The exhibition will continue until April 29th, 2023.
Since Mr. Savethewall presented the first Wallsaved three years ago, these original works have become a must-have for every street art collector, as well as a trend followed by many artists. Mr. Savethewall – The Wallsaved Collection is the title chosen for the exhibition that consecrates the Wallsaved and their inventor and that opens on March 30 in the new space of the Deodato Arte Gallery, in Via Nerino 1, in the center of Milan.
Over 10 new unique creations are displayed, handcrafted using various objects such as road signs, pipes, and old doorbells. This is a new way of bringing street art into exhibition spaces and into the homes of enthusiasts.

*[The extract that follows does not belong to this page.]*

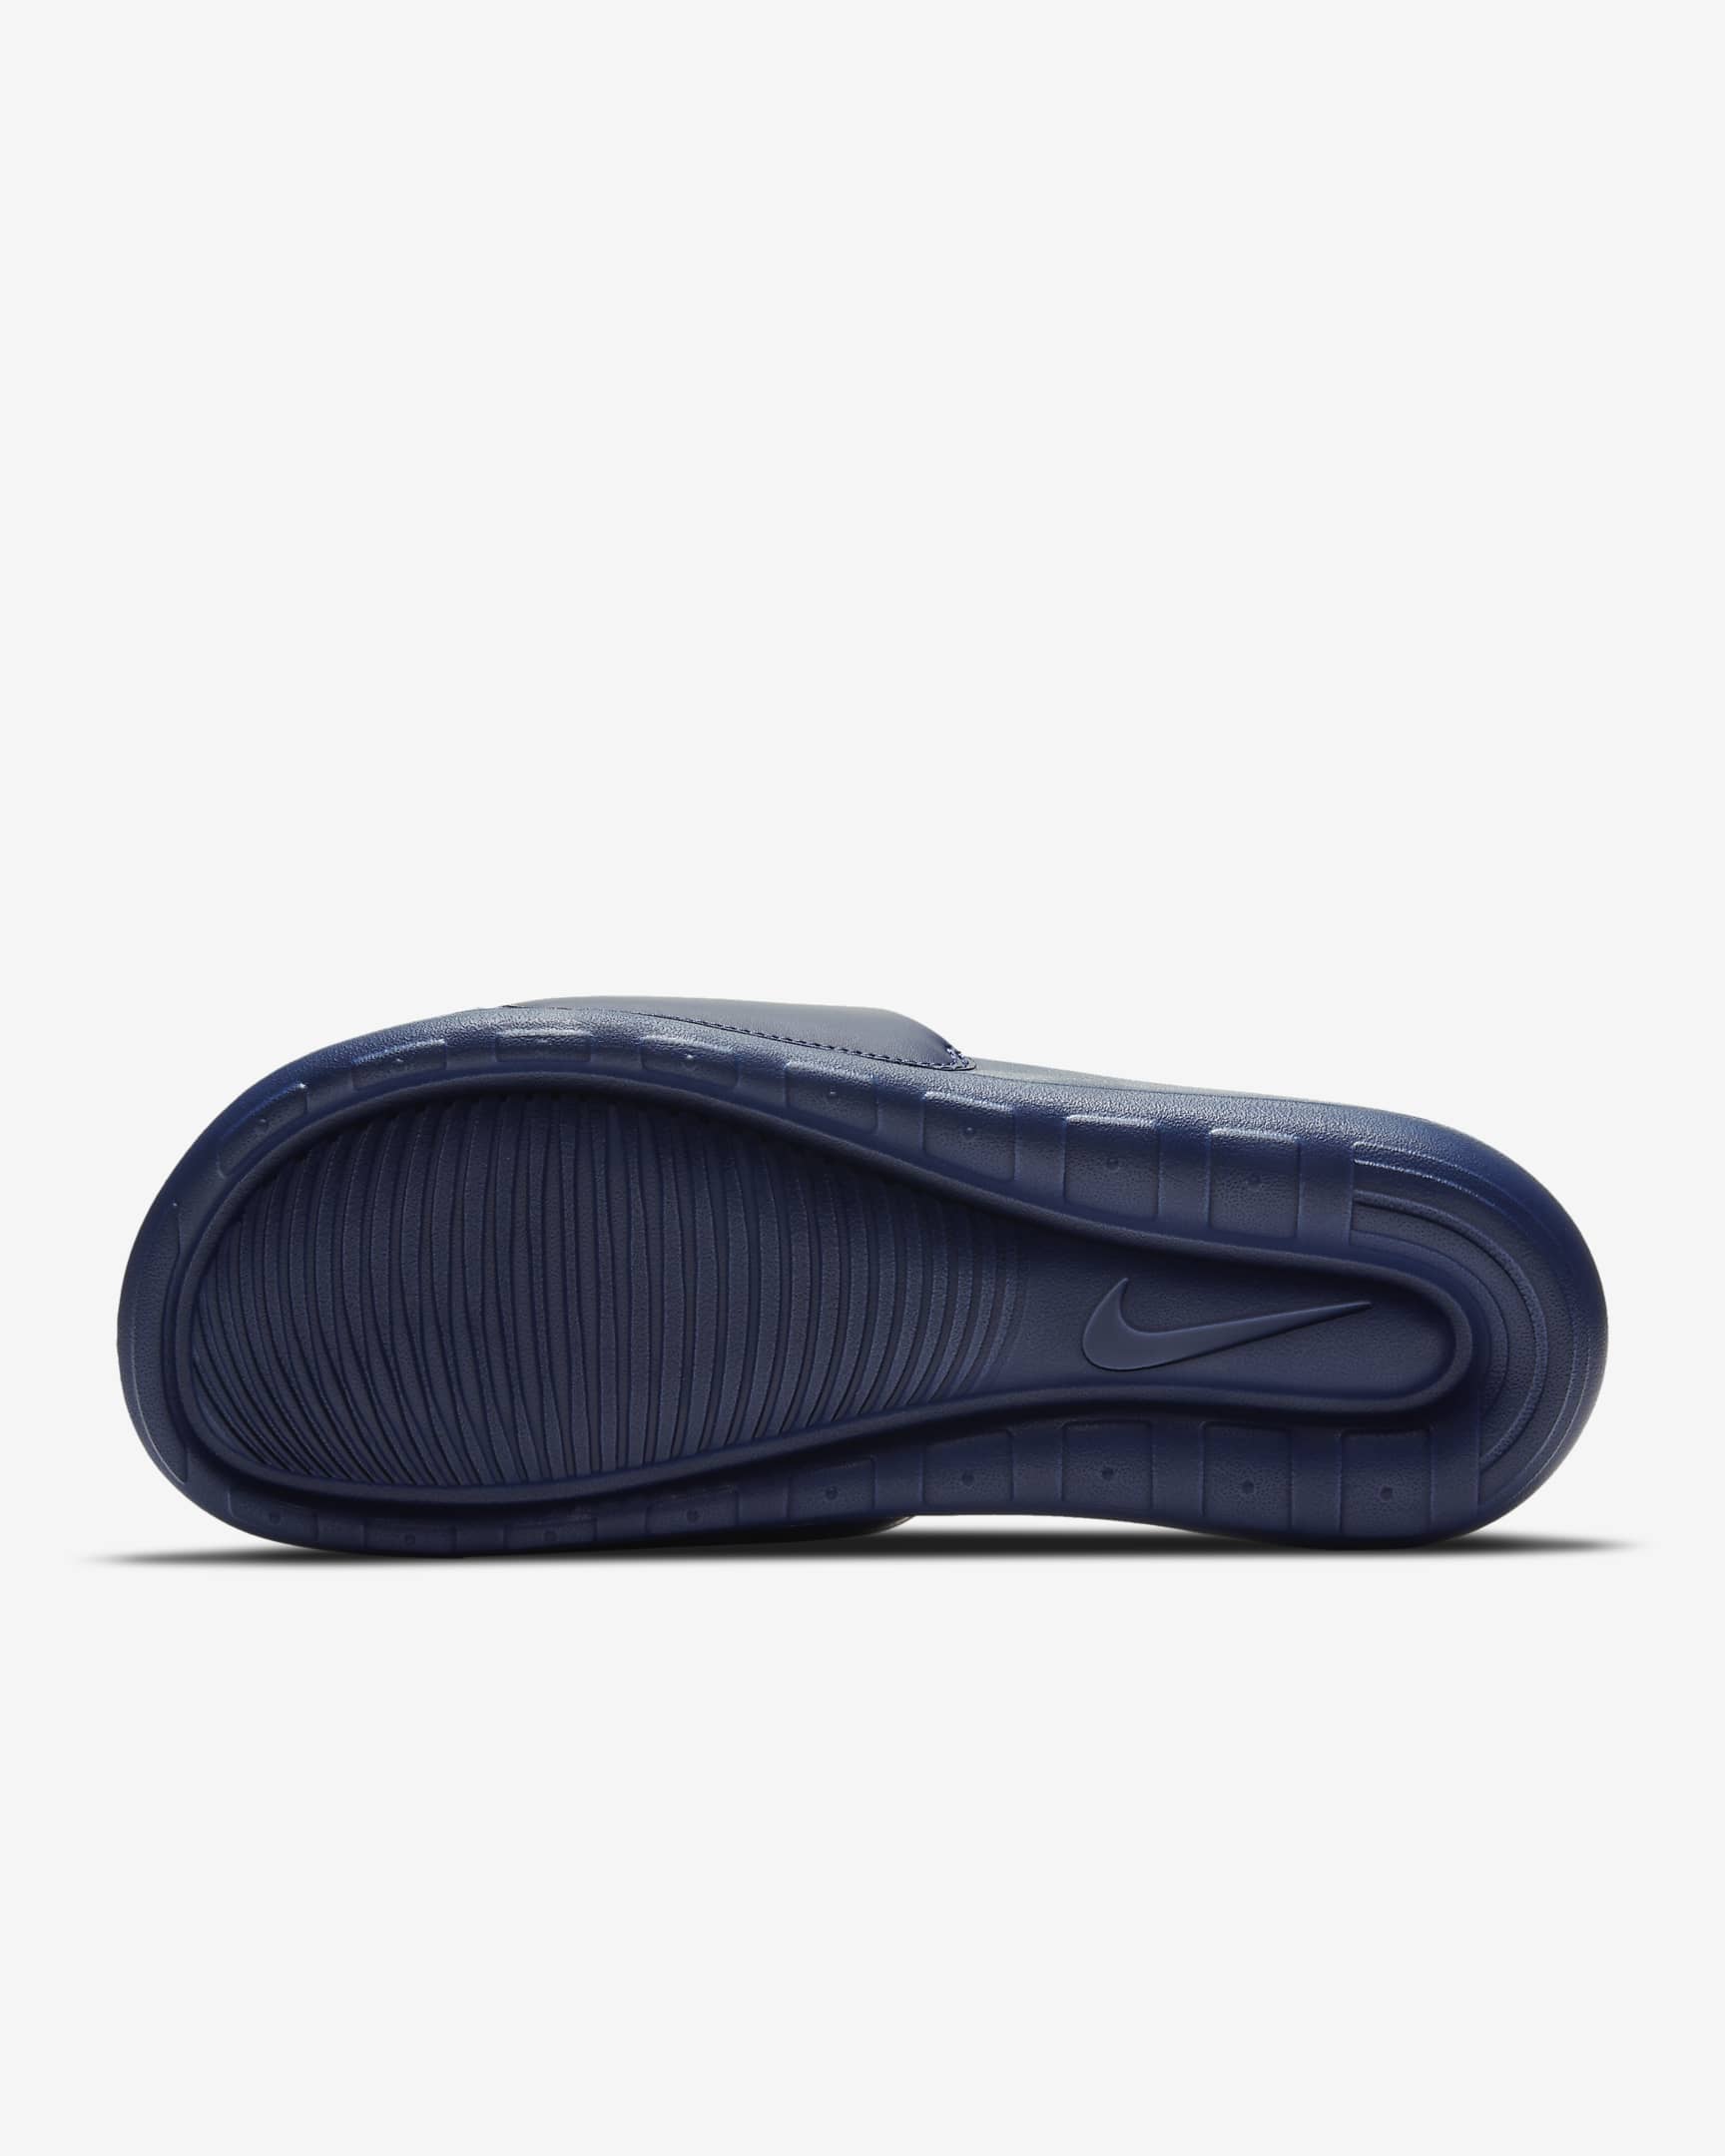 Nike Victori One Men's Slides - Midnight Navy/Midnight Navy/White

“Walls are the real works of art. The overlapping of historical eras, street artists, and historical events that leave an indelible mark, such as a war and the reconstruction. Abandonment and degradation, urban furnishings, posters, stickers, cameras, everything speaks, or rather screams, on a wall. I save the walls by bringing them into homes, collections, museums, exactly as I see them. I portray walls. My Wallsaved pieces are full of details, often they are real-life portraits,” says the artist talking about his latest work.
This new series, on display atDeodato Arte Gallery, does not simply aim to bring street art into homes by creating graffiti on walls, but to transfer the external walls into homes, with all their history. Anything can strike the artist, as well as the passerby – a panel, an electrical box, a road sign, air vents, the peeling of plaster that reveals bricks – and transmit the same feeling experienced on the street. After all, portraits of walls are the reflection of our cities, in which beauty often blends with degradation, nature fights against concrete, and color makes beautiful what we would otherwise ignore.
Among the subjects on display, we find the great classics of Mr. Savethewall’s production, such as the iconic Kiss Me, the anthropomorphic frog, Love Me or Like Me, Love and Psyche of the contemporary era, and Is this Love?, the romantic vandal. Among the most important pieces, we also remember “The Great Wave,” a reflection on the theme of migrants, and “Street Art is Dead,” the artist’s manifesto declaring himself the first post-street artist.”